• [Task goal]:
Begin with the line where "Neuer Weg (NW), Organ" appears. Set down that line and the rest of the records below it exactly as given.

** Opening Data for this task block **

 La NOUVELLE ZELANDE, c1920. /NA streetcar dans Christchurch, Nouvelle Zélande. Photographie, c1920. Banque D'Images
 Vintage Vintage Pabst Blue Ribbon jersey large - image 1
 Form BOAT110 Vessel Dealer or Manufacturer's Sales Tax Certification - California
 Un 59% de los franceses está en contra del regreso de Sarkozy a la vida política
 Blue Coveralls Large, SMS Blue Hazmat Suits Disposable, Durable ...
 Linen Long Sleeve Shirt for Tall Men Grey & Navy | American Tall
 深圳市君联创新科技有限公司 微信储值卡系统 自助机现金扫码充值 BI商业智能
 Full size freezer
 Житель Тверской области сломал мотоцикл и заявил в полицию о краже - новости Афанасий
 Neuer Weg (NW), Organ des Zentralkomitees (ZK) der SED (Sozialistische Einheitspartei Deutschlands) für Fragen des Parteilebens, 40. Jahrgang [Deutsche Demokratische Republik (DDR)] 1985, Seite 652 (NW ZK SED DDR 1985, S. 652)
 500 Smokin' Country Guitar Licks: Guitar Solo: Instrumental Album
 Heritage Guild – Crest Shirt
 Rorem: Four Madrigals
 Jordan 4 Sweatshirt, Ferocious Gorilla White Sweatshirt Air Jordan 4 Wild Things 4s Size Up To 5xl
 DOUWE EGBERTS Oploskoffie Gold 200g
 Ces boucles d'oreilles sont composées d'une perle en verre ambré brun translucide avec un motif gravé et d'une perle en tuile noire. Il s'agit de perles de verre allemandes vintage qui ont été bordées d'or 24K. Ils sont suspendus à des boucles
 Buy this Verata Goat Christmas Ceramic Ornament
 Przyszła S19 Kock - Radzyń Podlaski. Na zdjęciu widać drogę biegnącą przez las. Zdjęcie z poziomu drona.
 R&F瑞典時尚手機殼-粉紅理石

** Closing Data for this task block **

• [Written answer]:
 Neuer Weg (NW), Organ des Zentralkomitees (ZK) der SED (Sozialistische Einheitspartei Deutschlands) für Fragen des Parteilebens, 40. Jahrgang [Deutsche Demokratische Republik (DDR)] 1985, Seite 652 (NW ZK SED DDR 1985, S. 652)
 500 Smokin' Country Guitar Licks: Guitar Solo: Instrumental Album
 Heritage Guild – Crest Shirt
 Rorem: Four Madrigals
 Jordan 4 Sweatshirt, Ferocious Gorilla White Sweatshirt Air Jordan 4 Wild Things 4s Size Up To 5xl
 DOUWE EGBERTS Oploskoffie Gold 200g
 Ces boucles d'oreilles sont composées d'une perle en verre ambré brun translucide avec un motif gravé et d'une perle en tuile noire. Il s'agit de perles de verre allemandes vintage qui ont été bordées d'or 24K. Ils sont suspendus à des boucles
 Buy this Verata Goat Christmas Ceramic Ornament
 Przyszła S19 Kock - Radzyń Podlaski. Na zdjęciu widać drogę biegnącą przez las. Zdjęcie z poziomu drona.
 R&F瑞典時尚手機殼-粉紅理石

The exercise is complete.